Pour s’attaquer à la mainmise des banques et des brokers sur les très lucratifs marchés des changes et des paiements internationaux, les fintech misent d’abord sur la simplicité d’usage pour l’utilisateur. « La solution Yseulis ou Dynamic Hedging se distingue par une expérience digitale qui n’a rien à voir avec la complexité des outils de trading proposés par les banques », assure les deux nouveaux acteurs du marché. « Avec Yseulis comme avec Dynamic Hedging, la gestion du risque lié aux opérations de change est entièrement automatisée. Cette solution se fonde sur la politique de gestion du risque de change prédéfinie par l’entreprise et sur les données relatives à l’exposition transmises par les ERP ou TMS des clients », explique Sébastien Oum et d’autre part Philippe Gelis. Sébastien Oum précise : « notre logiciel monitore en temps réel l’évolution des taux de change mais laisse le Client couvrir les risques avec ses banques. Une valeur ajoutée pour l’entreprise qui ne veut pas changer de prestataires»

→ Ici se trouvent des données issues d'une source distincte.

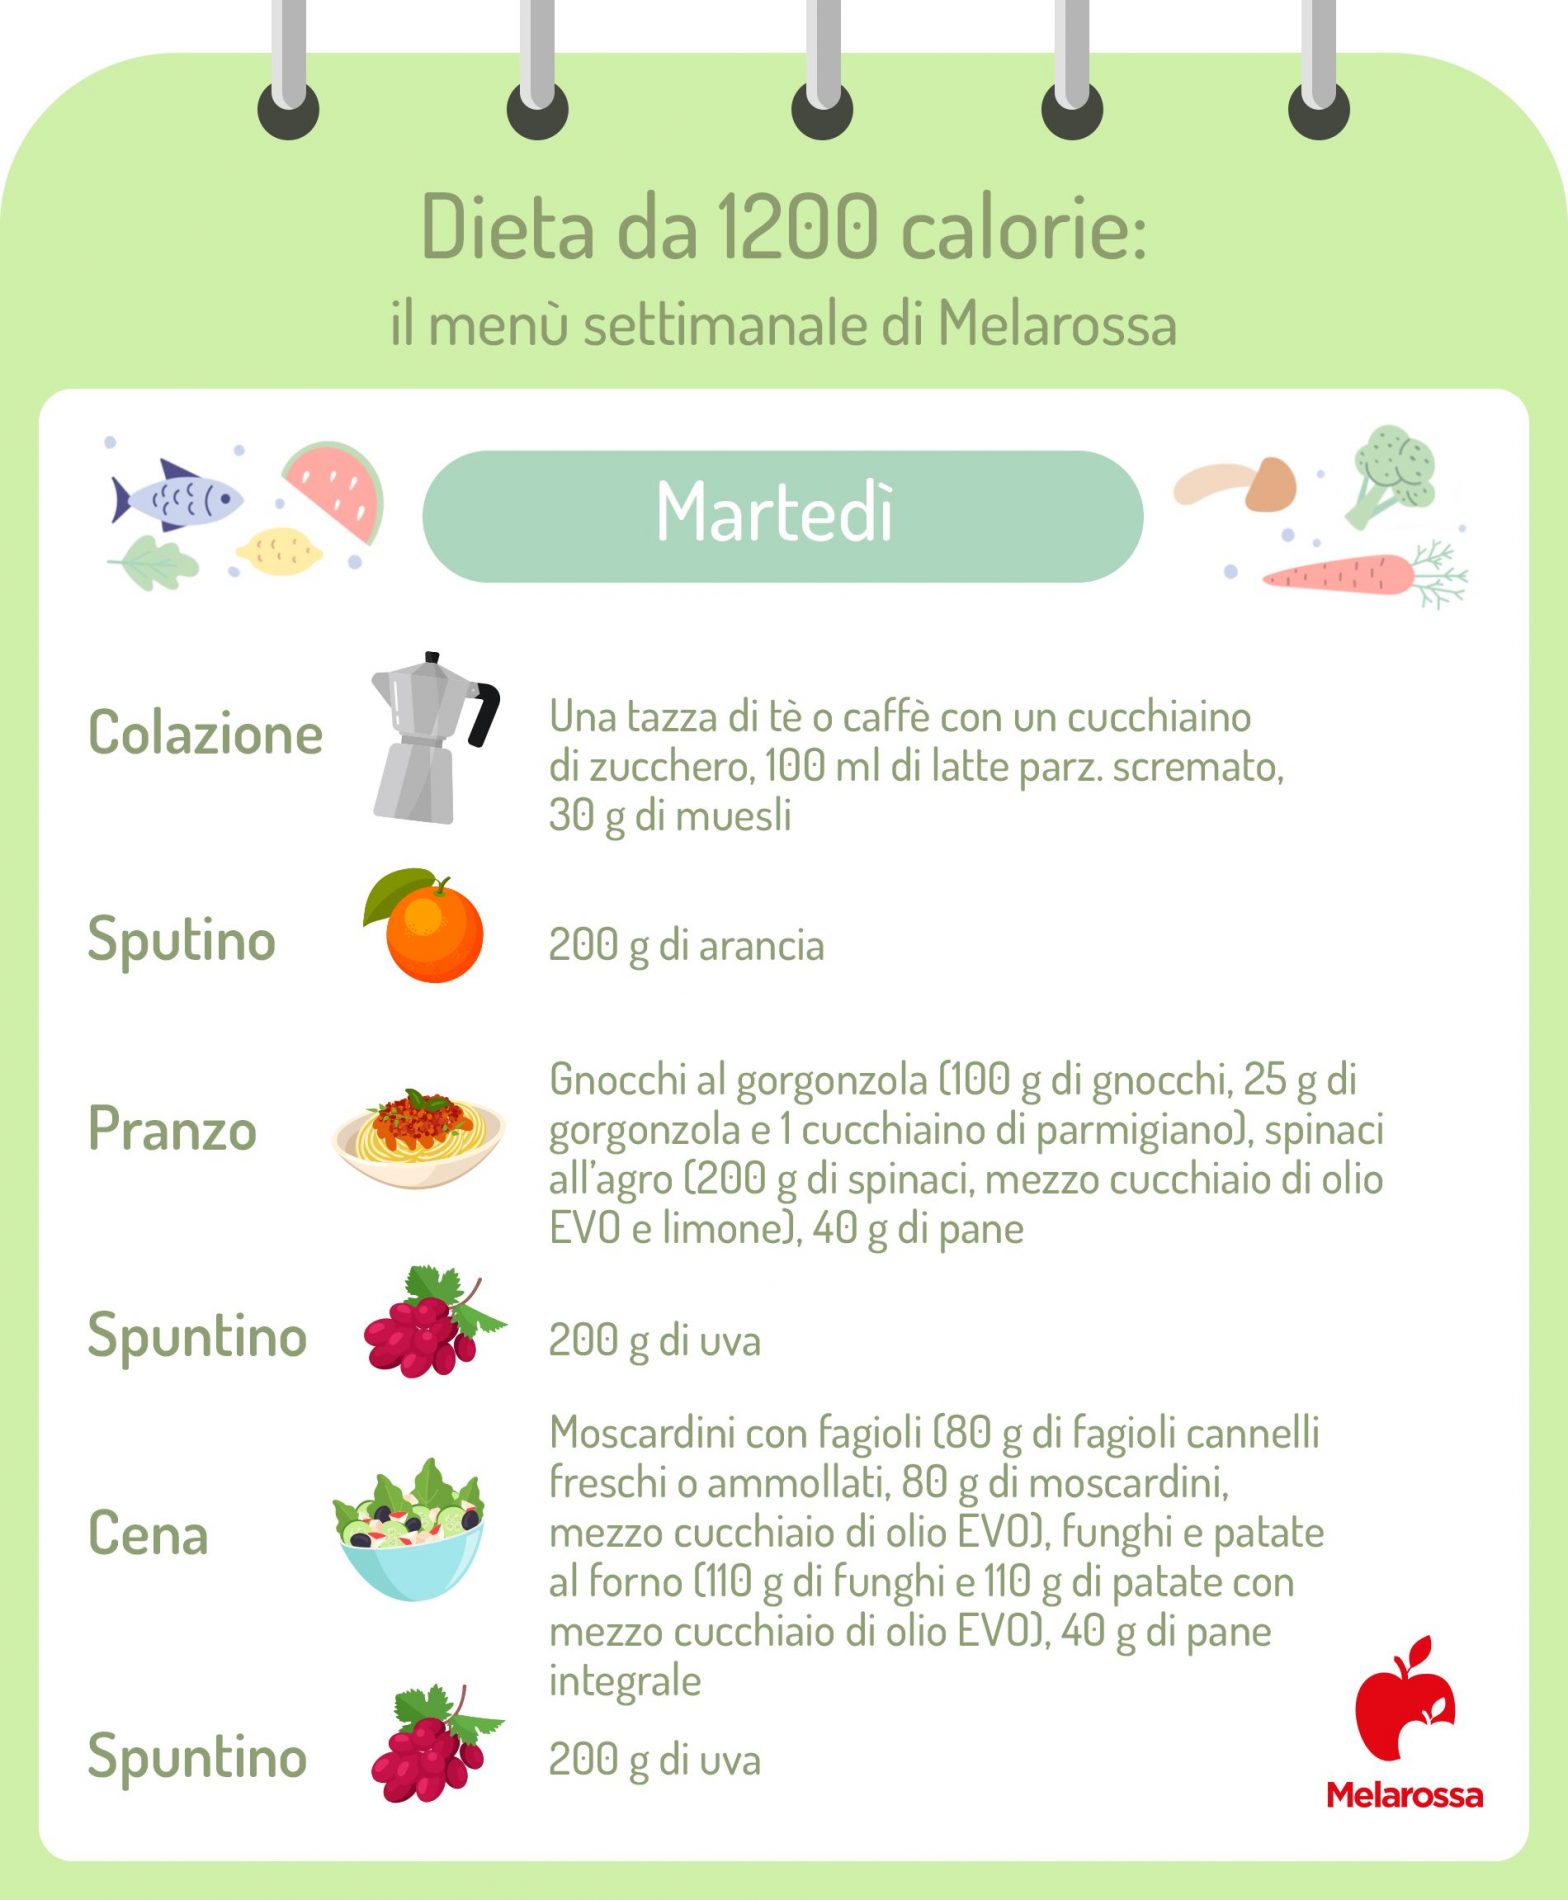 dieta 1200 calorie menu settimanale: martedì
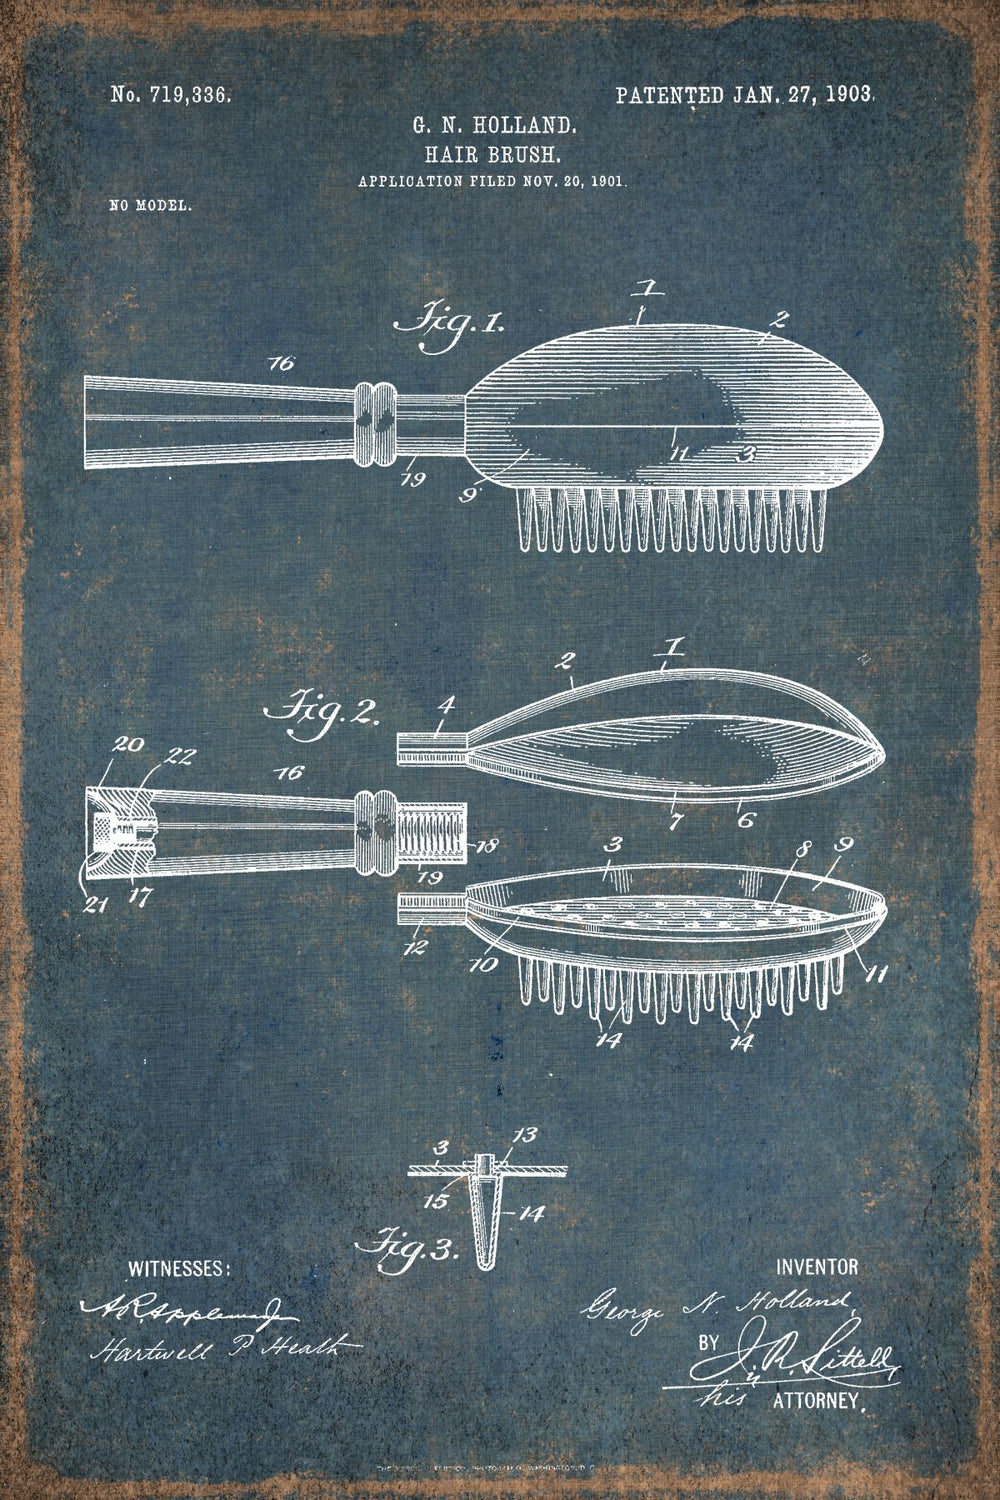 Hair Brush 1903 Patent

DES PROCESS SIMPLIFIÉS GRACE A L’AUTOMATISATION
La simplicité s’applique aussi aux process imaginés par ces nouvelles offres digitales. « Lorsque vous travaillez avec une banque traditionnelle, cette dernière assure la partie paiements, la salle de marché traitant, elle, les couvertures, rappelle Nicolas Charbonnier, président de Mondial Change, qui compte déjà parmi ses clients plusieurs centaines de TPE et PME. Chez nous, plus besoin de décrocher son téléphone ou d’envoyer des fax pour valider un paiement ou une couverture. Nos clients peuvent, sur une même plate-forme, depuis leur smartphone ou leur tablette, gérer leurs paiements internationaux dans plus de 140 devises et piloter leur stratégie de couverture du risque de change de manière totalement dématérialisée. » Cette simplicité d’usage a convaincu Patrick Velut, directeur général adjoint de VitrineMedia, une société qui fabrique et commercialise des systèmes d’affichage pour les agences immobilières, de travailler avec Yseulis, site internet : www.Yseulis.com. « Cette plate-forme digitale a effectivement simplifié nos process. Sur une seule et même interface, j’ai une vue de l’ensemble des données clés de notre politique de change, et je sais très précisément où nous en sommes par rapport à ce que nous avons budgété, confie Patrick Velut. Je peux consulter les contrats à terme de toutes nos banques, mais aussi les cours interbancaires des différentes devises, parcourir le calendrier économique, ou déterminer des seuils d’alerte sur les taux change utilisés dans mon activité. Autant d’informations que je devais auparavant aller chercher sur plusieurs sites. »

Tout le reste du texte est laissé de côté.